THE drive down the San Diego Freeway from LAX takes about two and a half hours and seems like a week. Once you get below the reaches of L.A.’s industrial sprawl, the landscape is sere and unfriendly. The names of the beach towns come up and flash past and recede: Huntington Beach, Newport Beach, Laguna, San Clemente. But you can’t see them from the freeway. Just the signs and the roads curving off through the brownish hills.

Mindy had gotten me a hotel room at the Hyatt Islandia in Mission Bay, and I pulled in there around 3:30 in the afternoon with the temperature at eightysix and the sky cloudless: They assigned me a room in one of the pseudo-rustic cabanas that ran along the bay, as a kind of meandering wing to the tall central hotel building. I stashed my bag, got my list of addresses and my city map, and headed back out to work.

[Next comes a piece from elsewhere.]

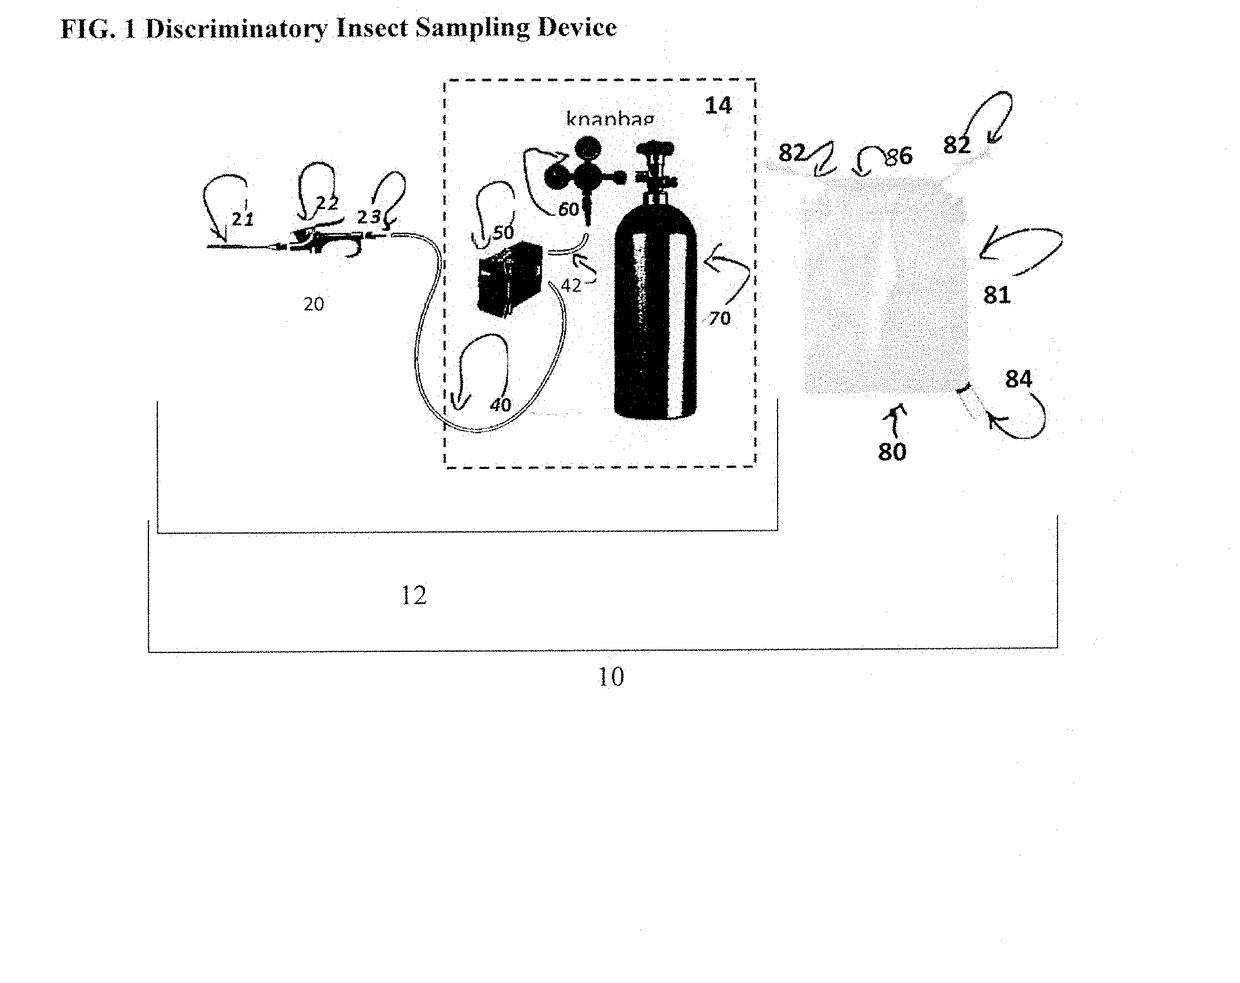 Discriminatory insect sampling device and method for use

San Diego, like San Francisco, and like Seattle, seems defined by its embrace of the sea. The presence of the Pacific Ocean is assertive even when the ocean itself is out of sight. There is a different ambient brightness where the steady sunshine hits the water and diffuses. The bay, the Navy, the bridge to

Coronado seemed always there, even when you couldn’t see them.

Of my three Zabriskies, two lived downtown; the third was up the coast a little in Esmeralda. The first one was a Chief Petty Officer who was at sea on a carrier. His wife said he didn’t have any sisters, that his mother was in Aiken, South Carolina, and that she herself never watched television. The second was a Polish émigré who had arrived from Gdansk fourteen months ago. It took me into the evening to find that out. I had supper in a place near the hotel, on the bay, that advertised fresh salmon broiled over alder logs. I went in and ate some with a couple of bottles of Corona beer (hold the lime). It wasn’t as good as I had hoped it would be; it still tasted like fish. After supper I strolled back to the hotel along the bayfront, past the charter boat shanties and the seafood take-out stands that sold ice and soda. Across the expressway, gleaming with light in the murmuring subtropical evening, the tower of Sea World rose above the lowland where the bay had bcco created. It was maybe 9:30 on the coast, and halt past midnight on my eastern time sensor. Susan would be asleep at home, the snow drifting harmlessly outside her window. She would sleep nearly motionless, waking in the same position as she’d gone to sleep. She rarely moved in the night. Jill Joyce would have gone to sleep drunk, by now; and she would wake up clear-eyed and innocent-looking in the morning to go in front of the camera and charm the hearts of America. Babe Loftus wouldn’t.

In my cabana I undressed and hung my clothes up carefully. There was nothing on the tube worth watching. I turned out the light and lay quietly, three thousand miles from home, and listened to the waters of the bay murmur across from my window, and smelled the water, a mild placid smell in the warm, faraway night.